Большой знаток жизни сосед Дмитрий Сергеевич как-то сообщил Олегу, будто «нераспечатанные» подружки, которым девственность служит чем-то вроде пояса верности, обычно дожидаются парней из армии, а, соответственно, «распечатанные» пускаются во все тяжкие: «У меня вот одна официантка, целехонькая, парня три года с флота ждала. Никого к себе не подпускала».
Когда Олег через два дня вернулся домой, испуганные родители мудро и дальновидно сняли свои требования и настояли лишь на том, что все разговоры о женитьбе откладываются до возвращения из армии. Сейчас смешно даже вспоминать, но в ту пору он совершенно серьезно воображал, как придет из армии, возможно, даже с орденом, как они поженятся, вместе поступят в институт и он приучит свою молодую жену читать книжки.
Отец устроил Олега к себе в типографию курьером. Зарплата была маленькая, а носишься на своих двоих по всей Москве с утра до вечера. Зато пошел трудовой стаж, да и на любовное томление, как рассудили мудрые родители, сил поменьше остается. В апреле Олег с разрешения матери пригласил Оксану на свой день рождения, фактически совпавший с проводами в армию. Народу собралось много: несколько школьных друзей, взиравших на Оксану с определенным недоумением, соседи по коммуналке. Приехала из Егорьевска бабушка Евдокия Сидоровна, отцова мать. Людмила Константиновна была внешне дружелюбна, даже беседовала с Оксаной о состоянии текстильной промышленности, но лицо ее при этом выражало следующее: «Если случится невозможное и эта лимитчица станет моей невесткой, я приму цианистый калий — и никакой помощи от меня не ждите!» А бабушке Дуне, напротив, Оксана понравилась, и она радостно делилась с соседями:
— Справная деваха. Телистая. Повезло Олежке!
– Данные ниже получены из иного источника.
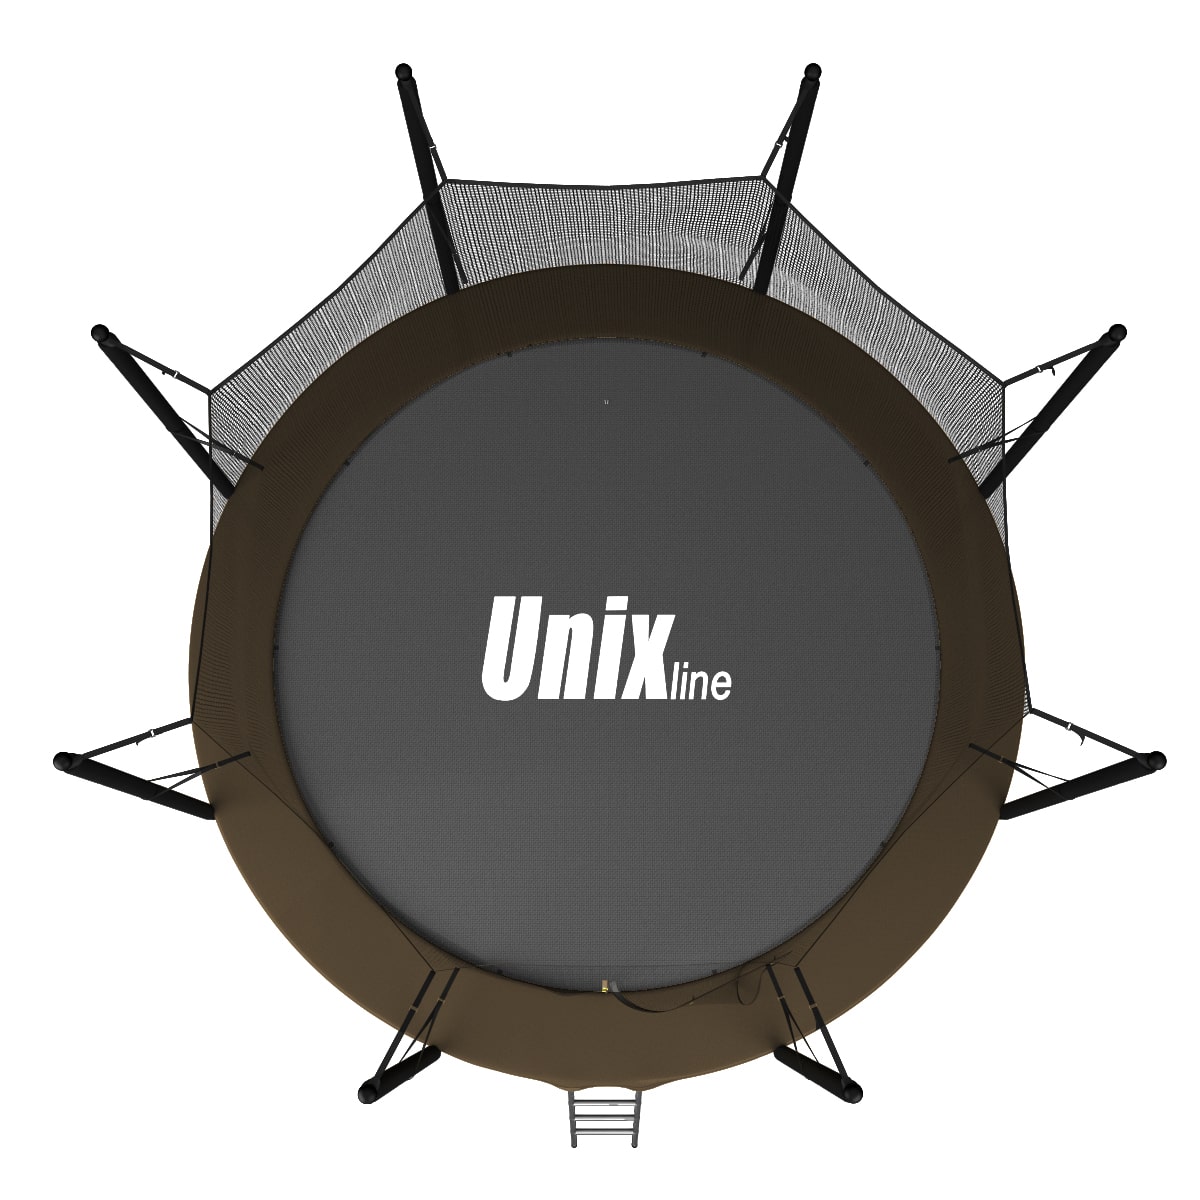 Батут UNIX line Black&Brown 10 ft, внутренняя сетка

Дмитрий Сергеевич опоздал, но принес из вагона-ресторана кастрюлю затвердевших эскалопов и разглядывал Оксану с настойчивым интересом. А выпив, даже стал зазывать ее к себе на работу, живописуя железнодорожную романтику и красоты транссибирской магистрали. Отец был в веселом расположении духа, соорудил из старой наволочки макет армейской портянки и учил сына наворачивать ее на ногу. Они окончательно помирились, и Труд Валентинович под большим секретом, выведя сына на лестничную клетку, рассказал, что в 52-м, до женитьбы, у него тоже была ткачиха, раскосая татарочка Флюра:
— Девка непродолбенная!
Потом Олег поехал провожать свою основательно захмелевшую возлюбленную. Они всю дорогу буйно целовались под неодобрительными взглядами прохожих, а когда добрались до общежития, Оксана сунула дежурной трешку и буквально силой затащила Олега к себе. Сонную Нюрку, в ужасе закрывавшую руками зеленые бигуди, она буквально вытолкнула из комнаты. Едва закрыв дверь, Оксана прямо-таки набросилась на смятенного призывника.
— Зачем?! — отбивался он.
— Чтоб ты меня не забыл, дурында ты правильная! — она стала торопливо расстегивать башмаковские брюки, горячо дыша ему в лицо выпивкой и закуской.
И он решился… Но, увы, его неопытное вожделение тут же бурно скончалось в требовательных Оксаниных пальцах.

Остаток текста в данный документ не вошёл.